5 General linear model analysis
of fMRI data
Analysis phases
Single-subject - first level - fixed effects analysis (FFX)
Group - second-level - random effects analysis (RFX)
This is equivalent to e.g. conducting many trials per subject to measure reaction time, and then compute a subject-specific mean per condition, after which you would perform the actual statistical inference
Multilevel modelling is also possible (for small datasets), but less frequent.
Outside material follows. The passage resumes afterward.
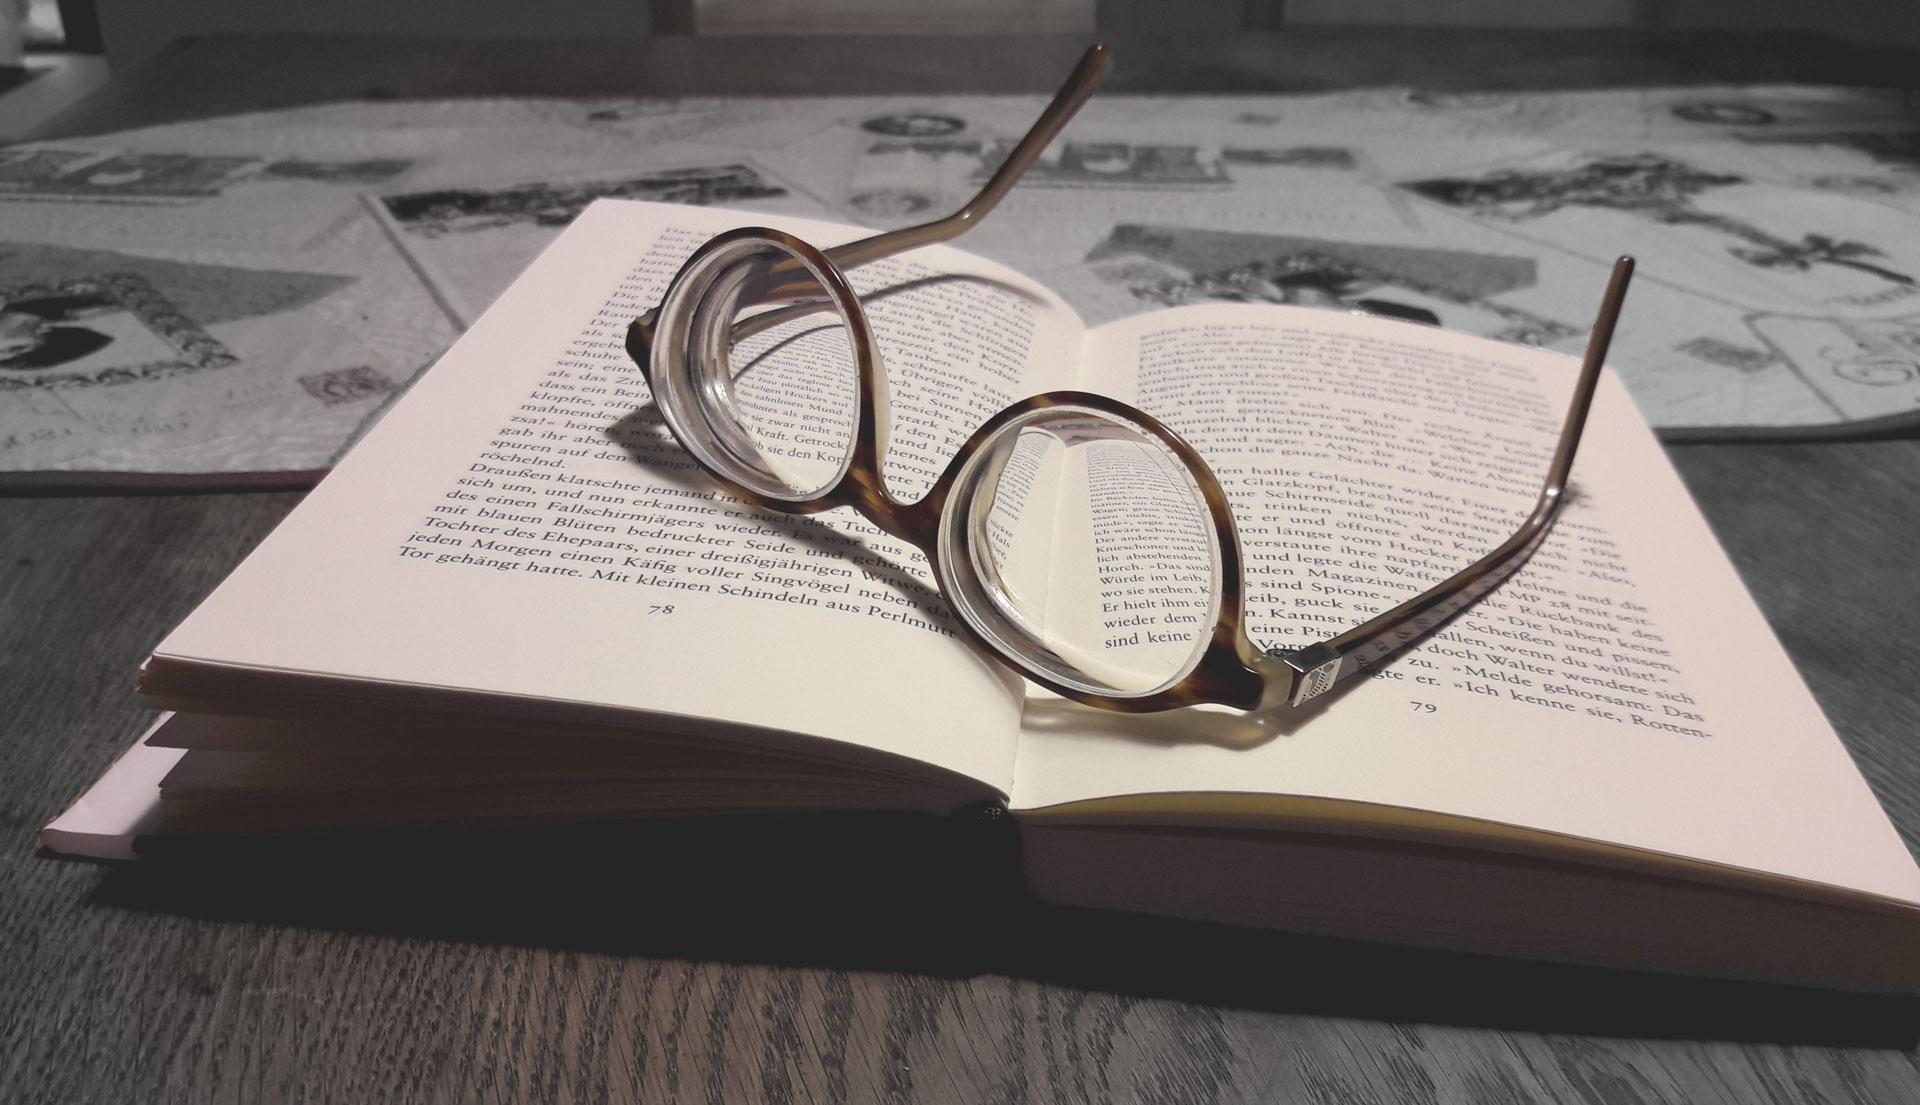 Gambar Penulisan Book Baca Baca Bacaan Halaman Buku

For a general overviewo of basic GLM analysis, see Introduction to fMRI
Before analysis
Pick your analysis space
Decide whether/how/how much to smooth the data
Software
Preprocessing used to be integrated into the software used for the actual analysis. And there are many software for this. On this slide I just put a few of them. Each of them has a slightly different phylosophy behind it, but all of them do roughly the same thing, so at the end it should not matter much which of them you use.
One of the oldest ones are:
SPM – statistical parameteric mapping from UCL. It is a free MATLAB-based toolbox. However, it depends on the MATLAB licence, and has not been updated for a long time. The new update just came out which spans the gab from 2012 to 2025 (Tierney et al. 2025).
AFNI - from NIH
FSL from Oxford – a set of linux tools, also free and independent of MATLAB, which is an advantage, but requires Linux.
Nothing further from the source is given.